After that, your priority is your patients. Do they have what they need? If you can’t meet those needs is there someone on your team who can? After your patients come to your teammates, are they having their needs met so they can do their work well?

Nowhere on the list of things that you need to be attending to are the needs of other teams and their patients. Unless there’s an emergency anything going on that is off your personal task list is none of your business.

That is not where you’ve been asked to be and that is not where you’re being paid to be.

While you weren’t wrong to be helping out where you saw needs, you aren’t going to be punished for no longer offering that help.

No one is going to think less of you. If the guilt gets to the point that it’s impeding your ability to work then you may want to consider talking to a therapist about setting healthier boundaries when it comes to things like giving your time and energy.

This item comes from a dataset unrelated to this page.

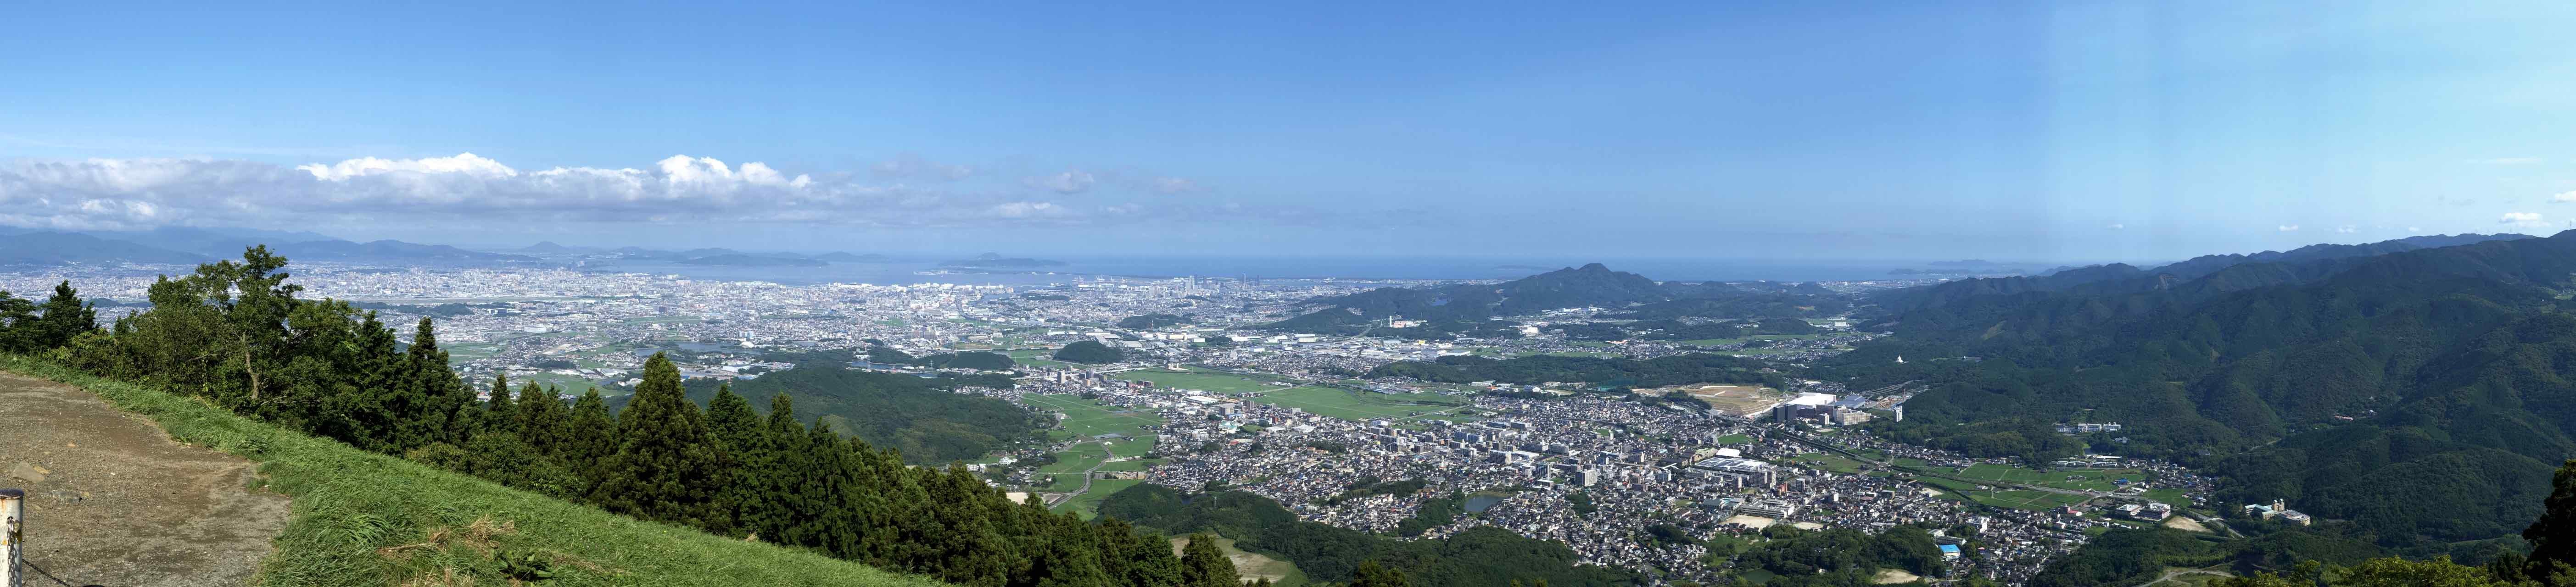 米の山展望台より_b0023047_03393341.jpg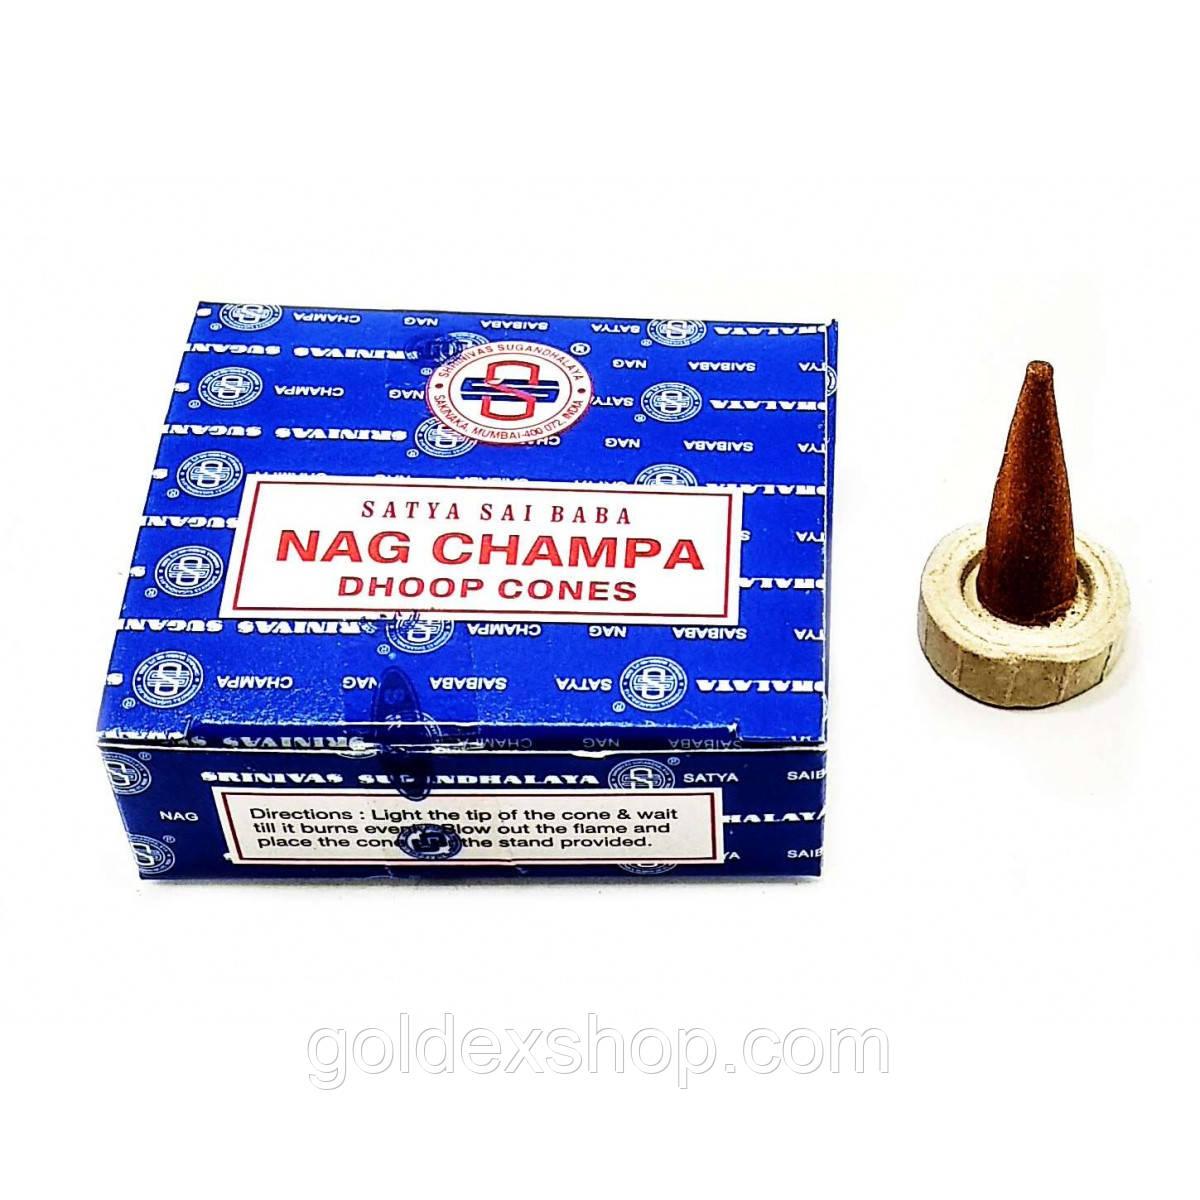 Благовоние Nagchampa Dhoop Cones (Нагчампа)(Satya) (12 шт/уп) конусы

Make sure you’re taking care of yourself. Get yourself your favorite snack, watch your favorite movie, and do what you need to recharge between shifts.” Chimalma

Another User Comments:

“You need to make a report to your safeguarding lead.

If Senior RNs are ignoring requests for clinical support with complex cases this is a patient safety issue. Since you’re on the verge of quitting anyway, you have nothing to lose.

I don’t think ‘no longer going above and beyond and helping people who don’t help you’ counts as ‘quiet quitting’.

As long as the patients in your care are receiving your full attention on shift, you’re NTJ for no longer wanting to cover for others’ laziness.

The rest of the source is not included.